## Dataset entries
+++
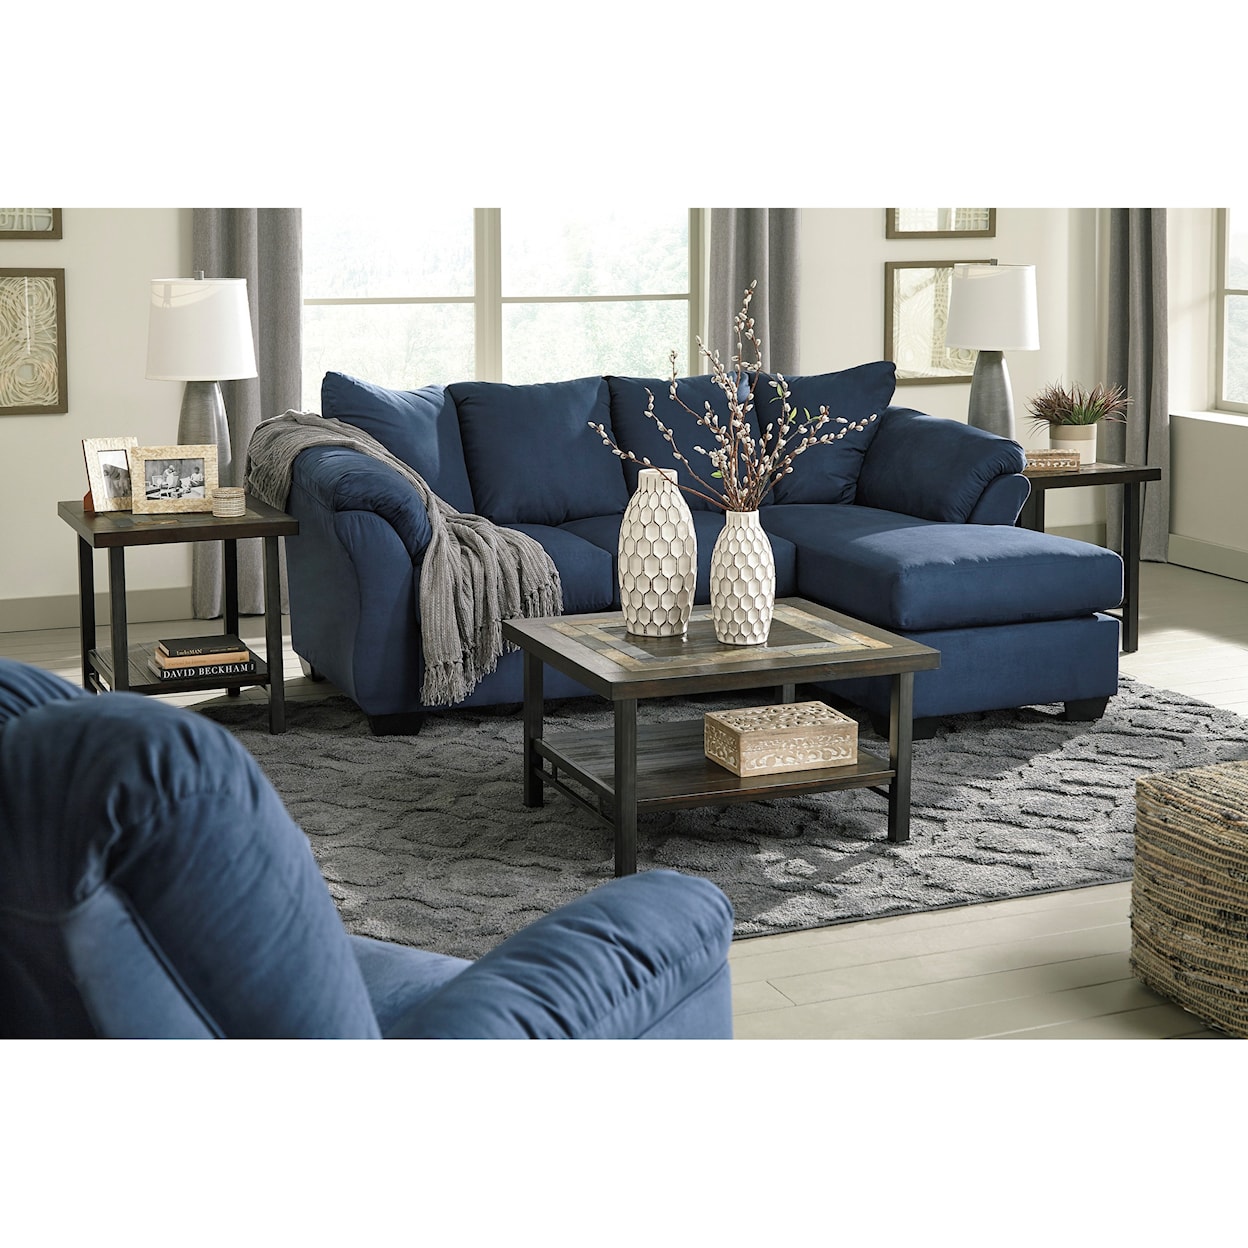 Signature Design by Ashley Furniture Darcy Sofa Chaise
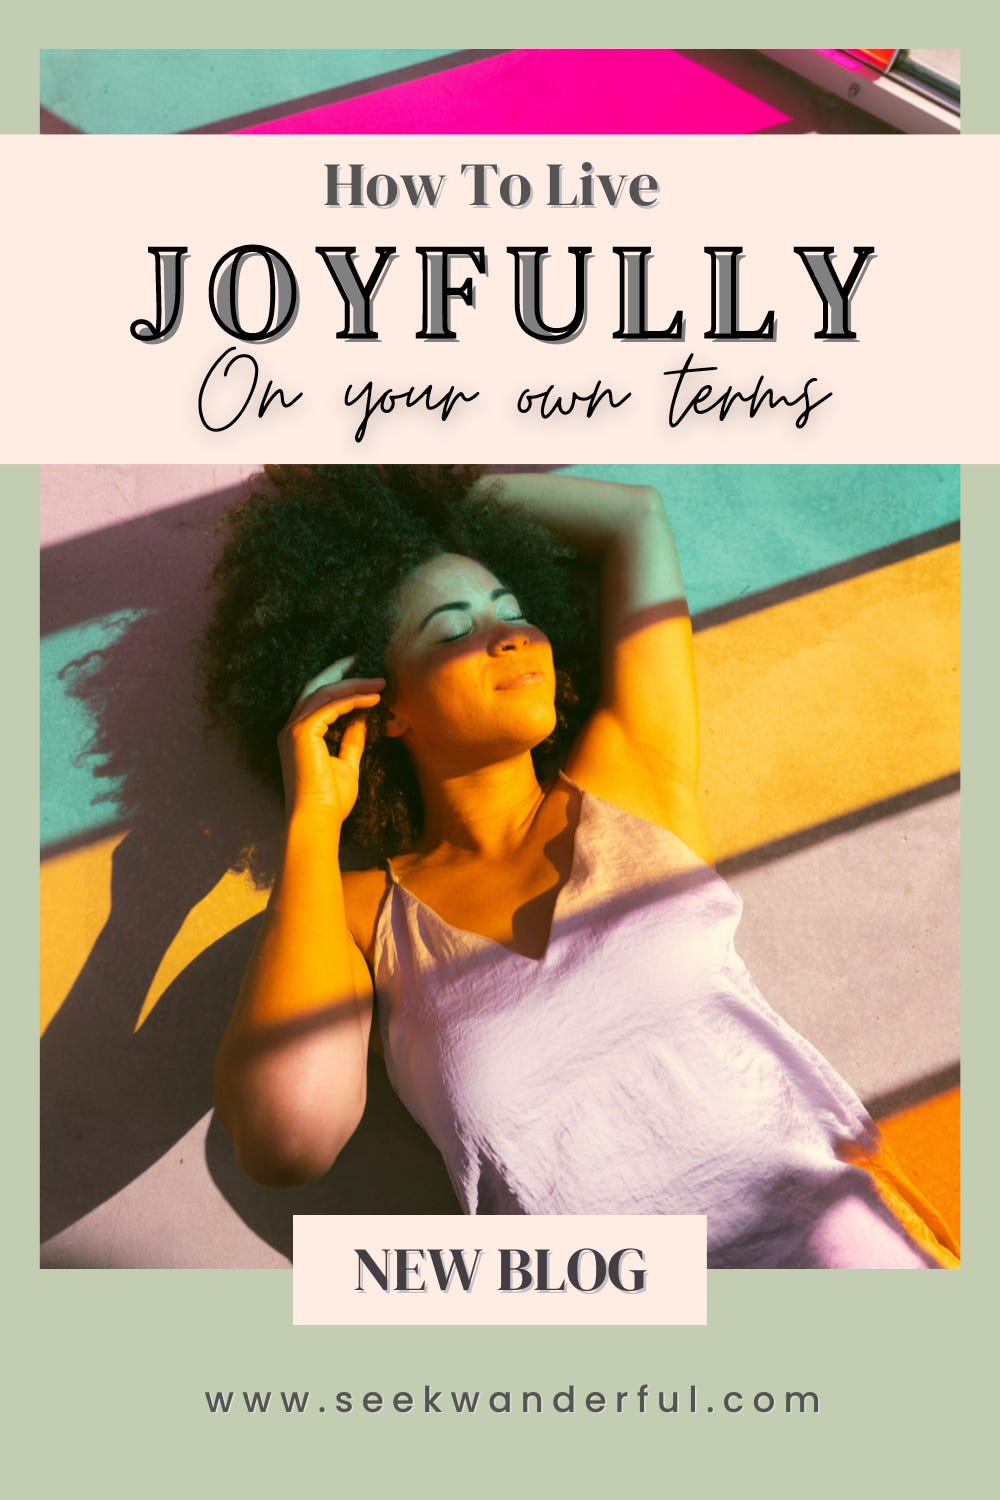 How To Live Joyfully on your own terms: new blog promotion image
+++
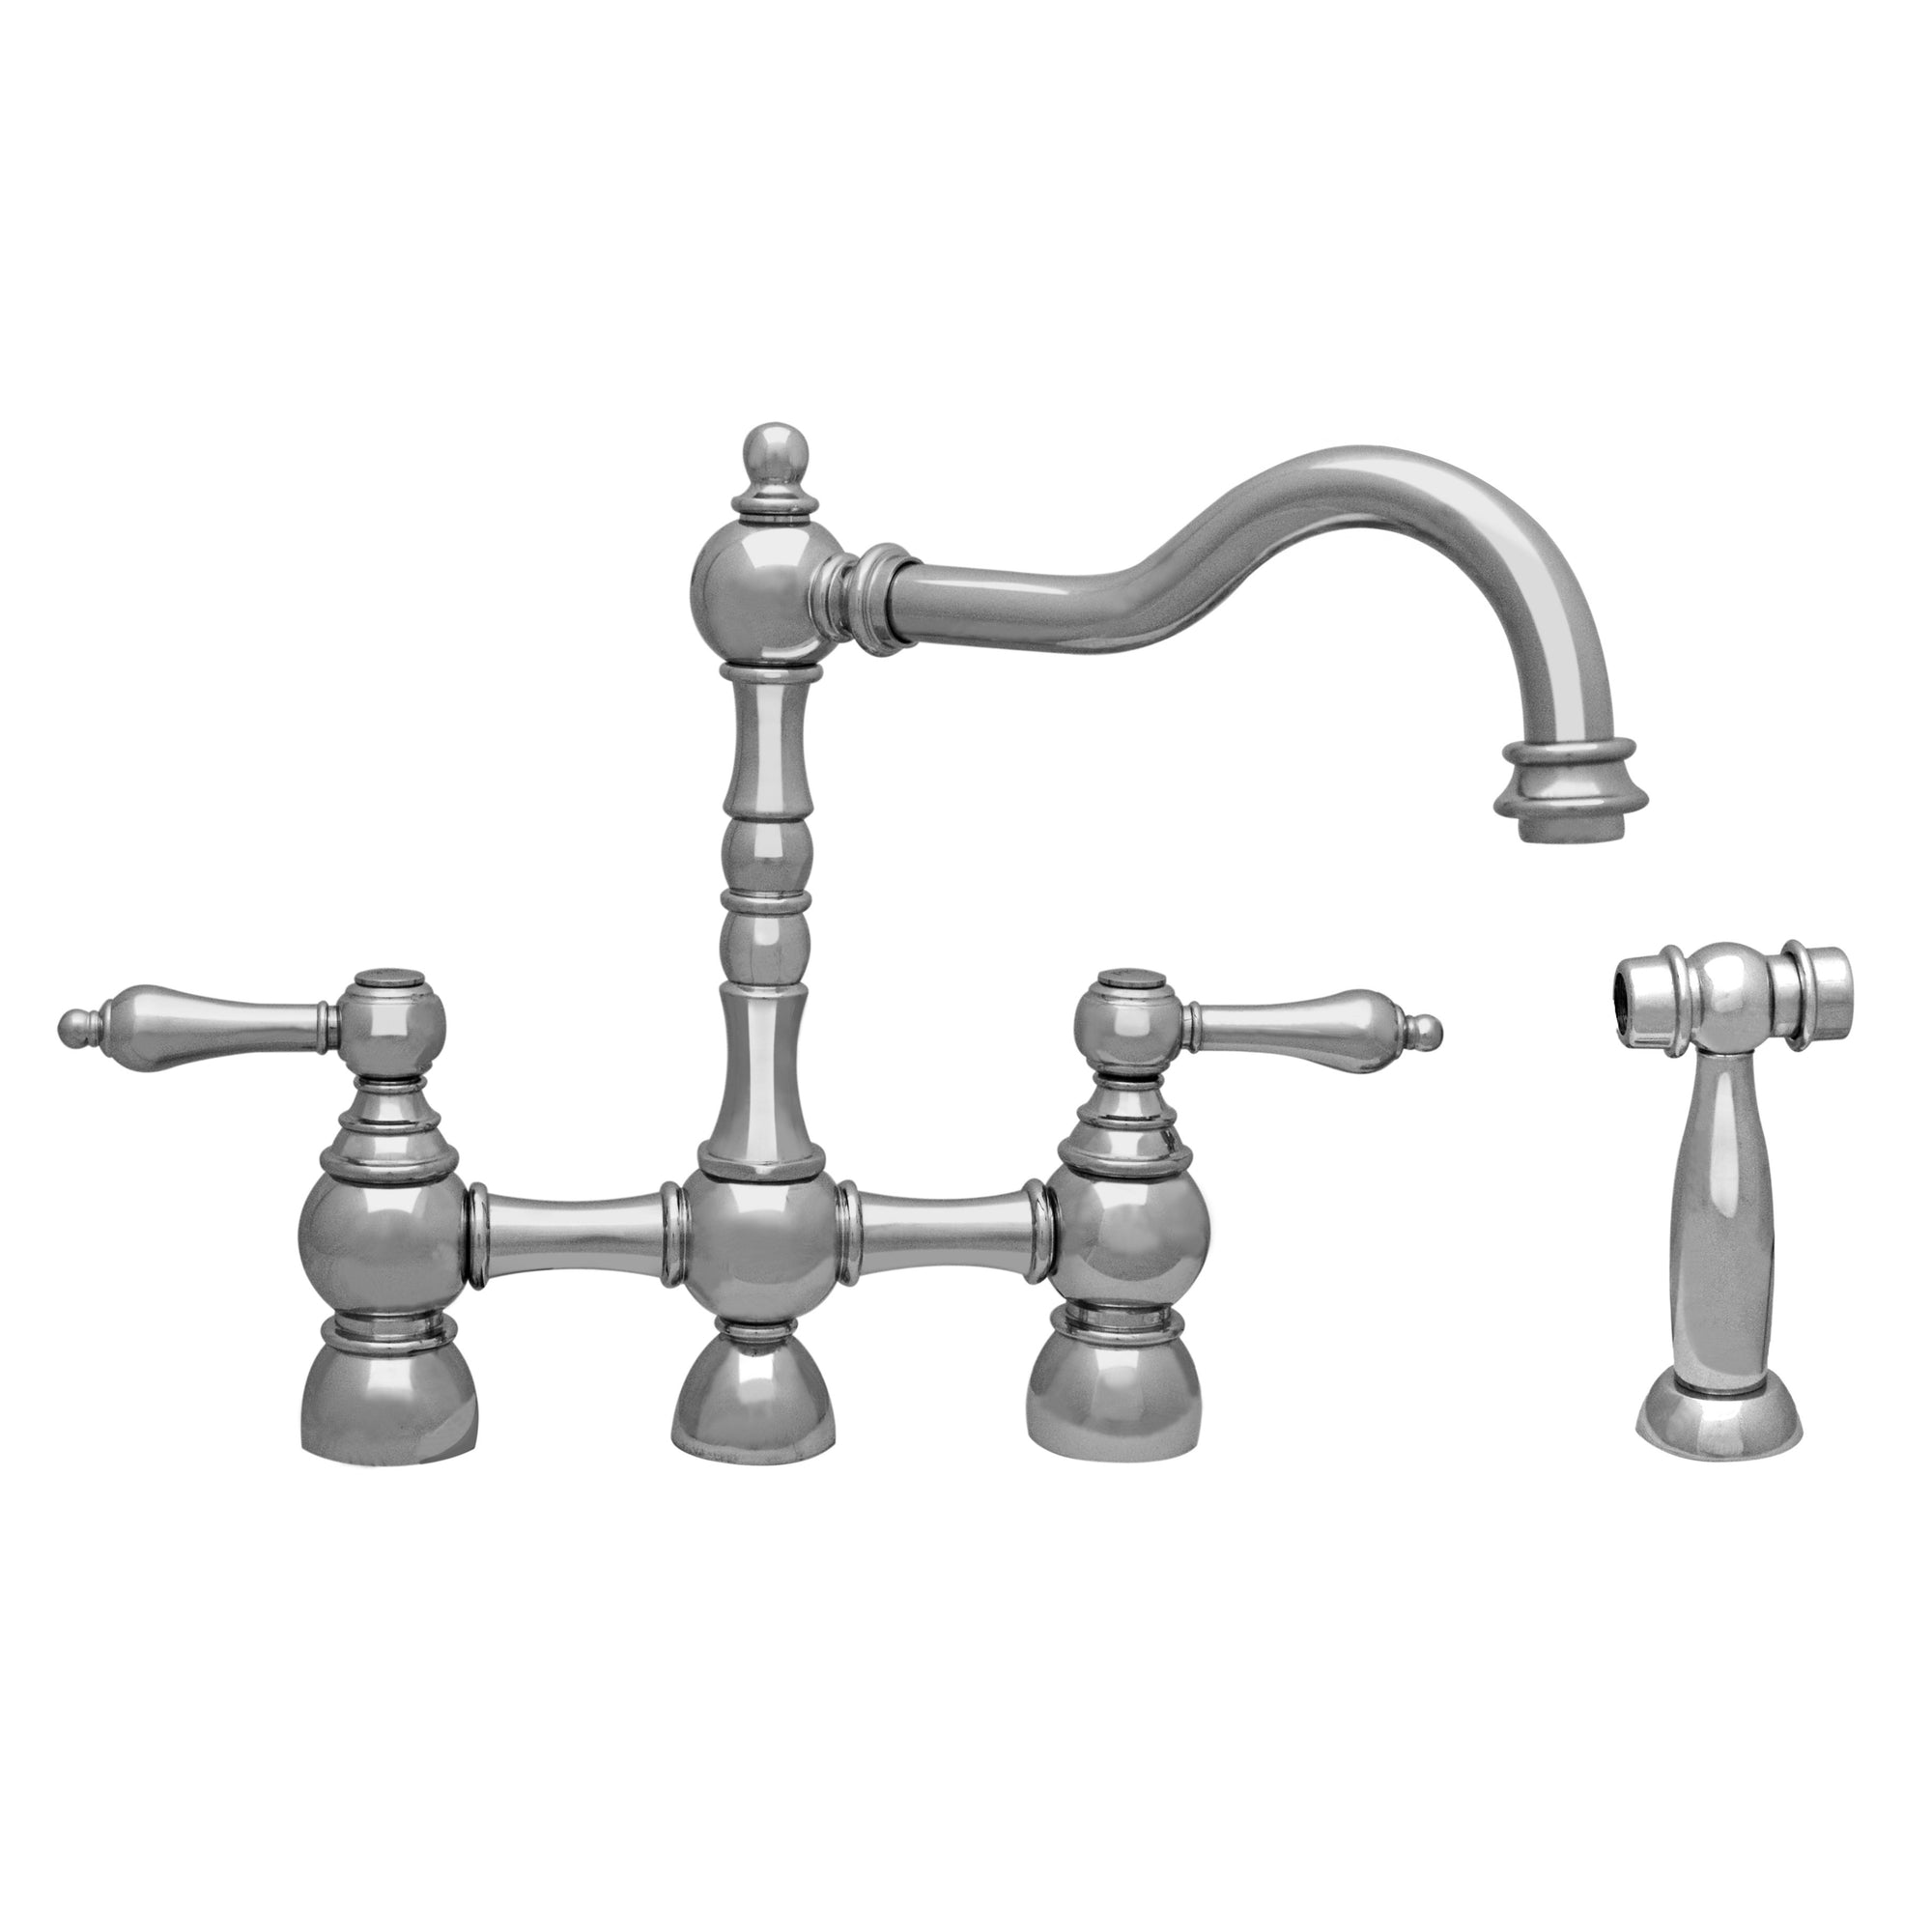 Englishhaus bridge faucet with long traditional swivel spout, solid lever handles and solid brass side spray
+++
## What you have to do
Look above and copy only the lines from the one holding "Signature Design by" to the one holding "How To Live", both included, exactly, minus the pictures.

## Exercise answer
 Signature Design by Ashley Furniture Darcy Sofa Chaise
 How To Live Joyfully on your own terms: new blog promotion image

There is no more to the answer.